Montgomery's trumpet playing on the soundtrack was performed by Johnny Best, Glenn Miller's lead trumpet player.

Songs
Orchestra Wives features a treasure trove of songs by Mack Gordon and Harry Warren, the same team responsible for the hits featured in Miller's first film Sun Valley Serenade (1941). The main production number is "(I've Got a Gal in) Kalamazoo", an analogue of "Chattanooga Choo-Choo" from the first film, that features a folksy vocal and some gutsy tenor sax work by Tex Beneke, backup singing by Marion Hutton with the Modernaires, and a gravity-defying dance sequence by the Nicholas Brothers. This was nominated as Best Music, Original Song in Academy Awards: Harry Warren (music), Mack Gordon (lyrics).

Other songs include the period piece "People Like You and Me", a breakneck performance of "Bugle Call Rag" and the classic romantic ballads "At Last" (originally intended for Sun Valley Serenade) and "Serenade in Blue". The film score uses "At Last" as a musical motif laced throughout the movie in dramatic and romantic scenes. "That's Sabotage" was also written for the movie but was cut from the film. The song was, however, released as a 78 single by Glenn Miller and His Orchestra, and the unused soundtrack recording was featured on various LP compilations of Miller's soundtracks.

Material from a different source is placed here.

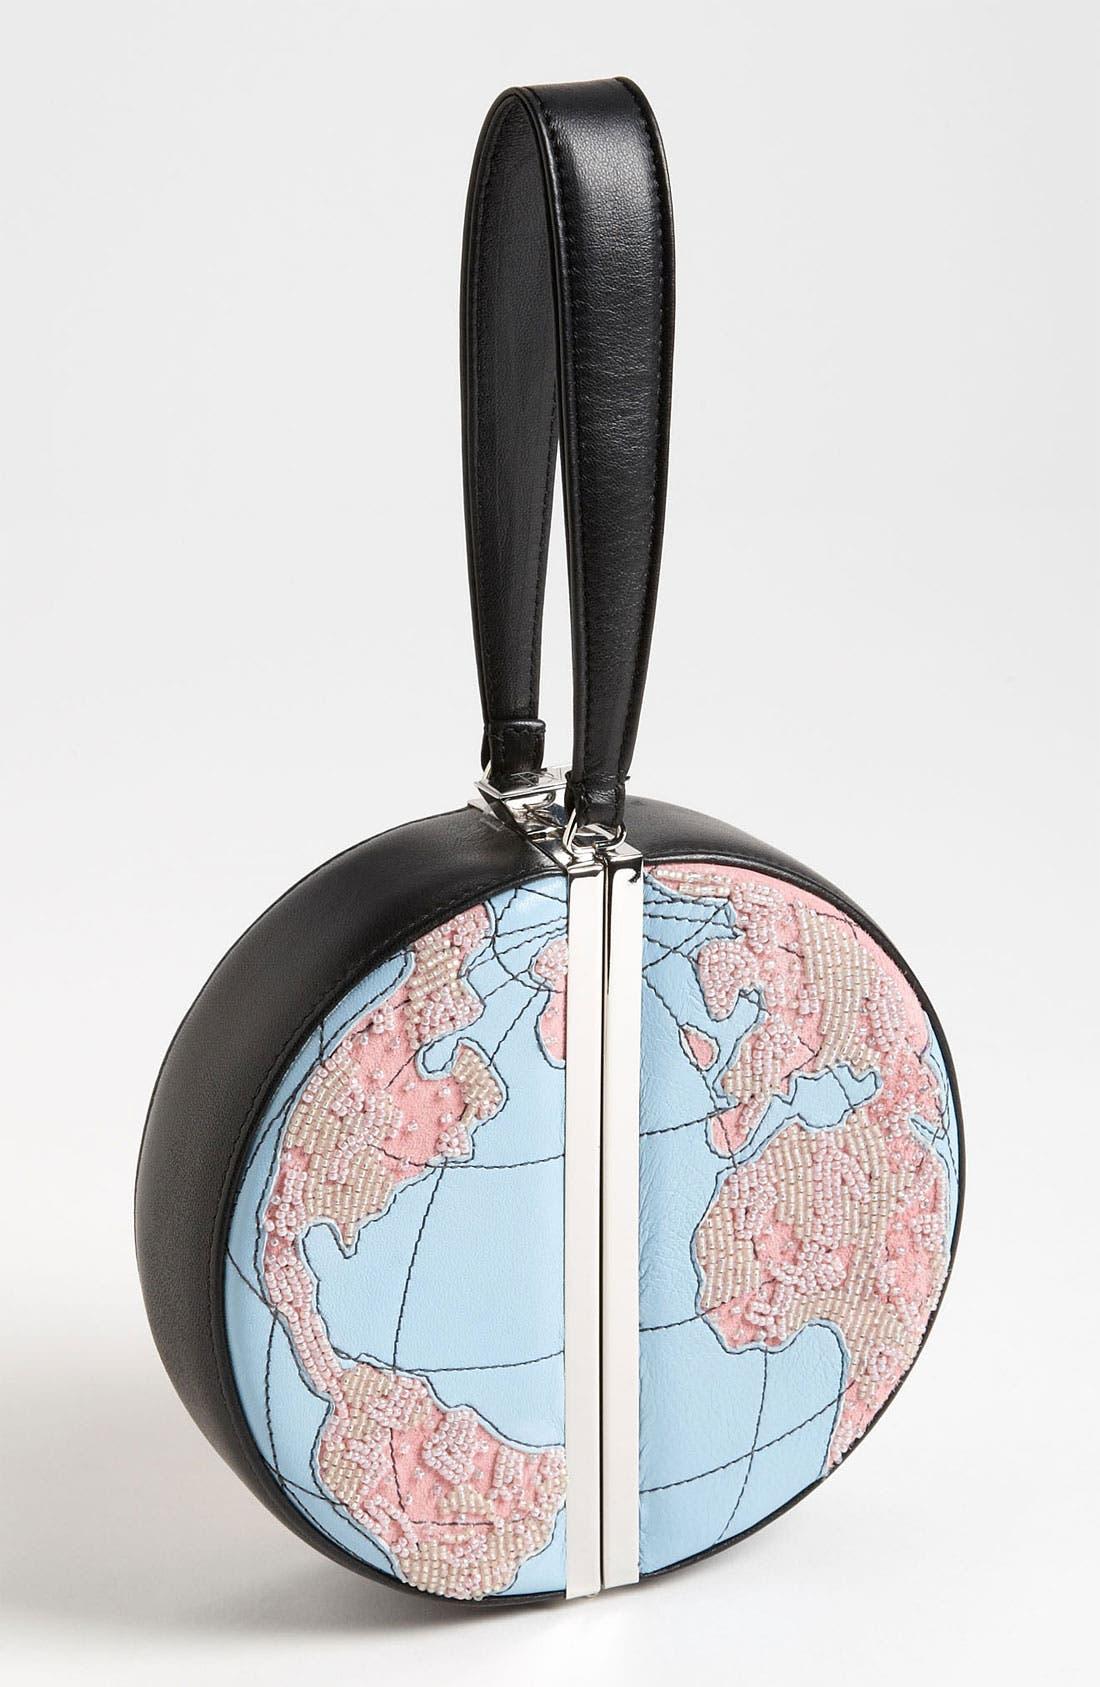 Alternate Image 1 Selected - Diane von Furstenberg 'Globe' Wristlet (Limited Edition)
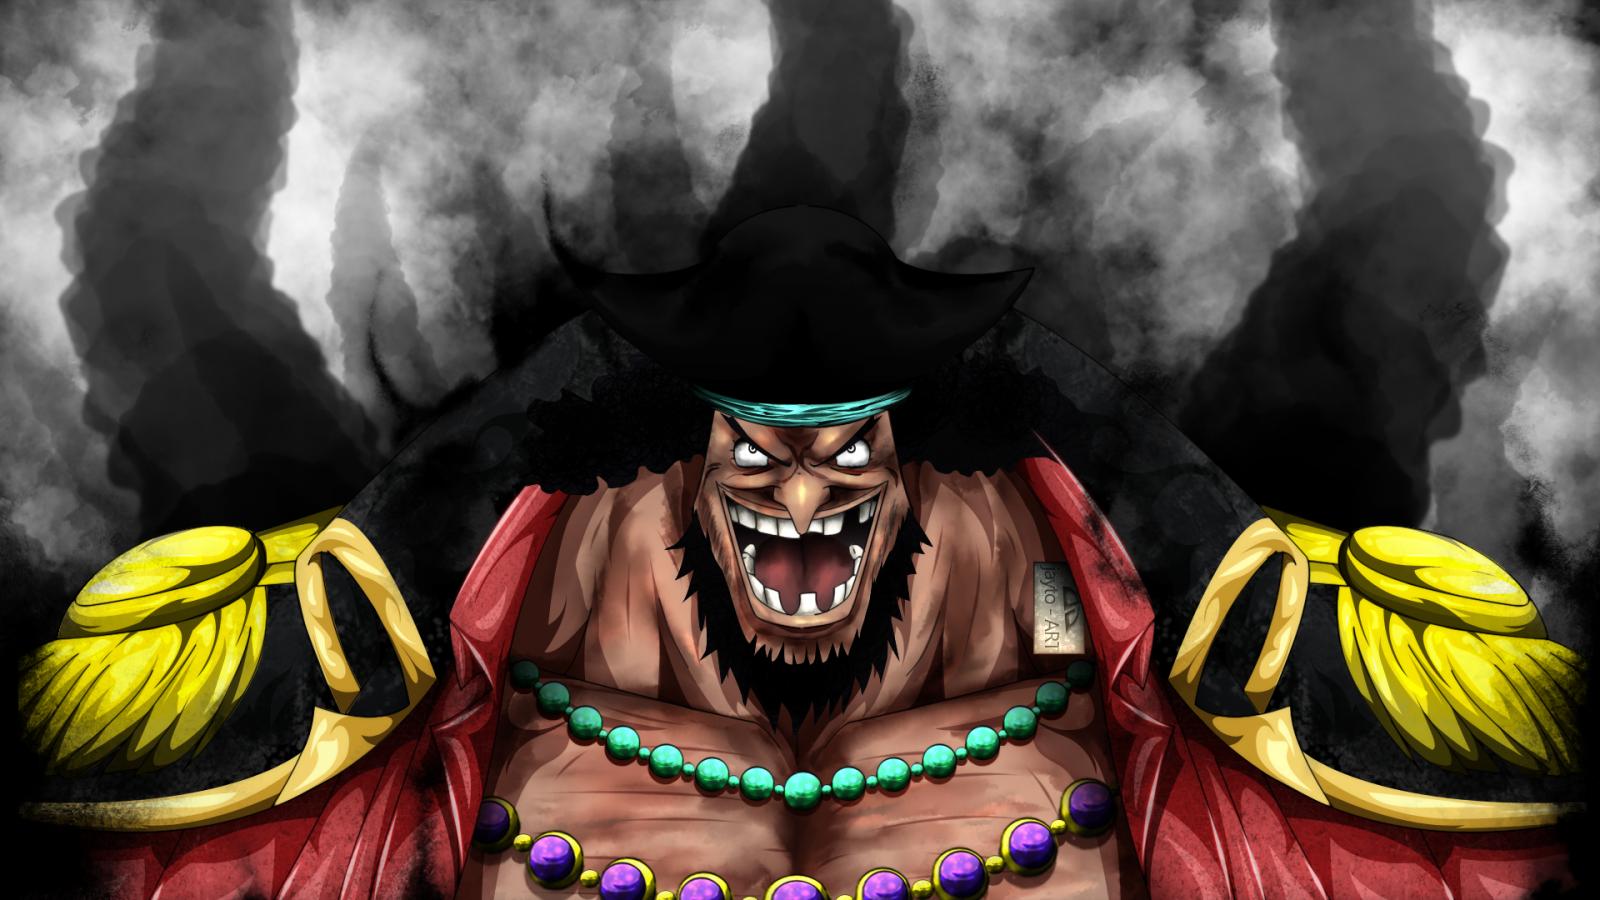 Wallpaper : anime, One Piece, blackbeard, marshall d teach 1920x1080 - saintroyo - 1390401 - HD ...

Glenn Miller's theme song "Moonlight Serenade" from 1939 also appears over the opening credits.

"Boom Shot", an instrumental composed by Glenn Miller and Billy May for the movie, appears, first on the jukebox in the soda shop, then later when Ann Rutherford and Harry Morgan are shown dancing, but is uncredited on the soundtrack and film credits.

Cast listing

Uncredited performances
Three future stars have uncredited appearances: Jackie Gleason portrays the band's bass player, Ben Beck, and in the soda fountain scene, Harry Morgan is the soda-jerk Cully Anderson, who also dates Connie Ward (Ann Rutherford), and Dale Evans plays Ann Rutherford's friend Hazel. Pat Friday dubbed Lynn Bari's singing, as she had done in Sun Valley Serenade. George Montgomery's on-screen trumpet playing was actually performed on the soundtrack by Miller sideman Johnny Best. Glenn Miller Orchestra pianist Chummy MacGregor dubbed Cesar Romero's playing.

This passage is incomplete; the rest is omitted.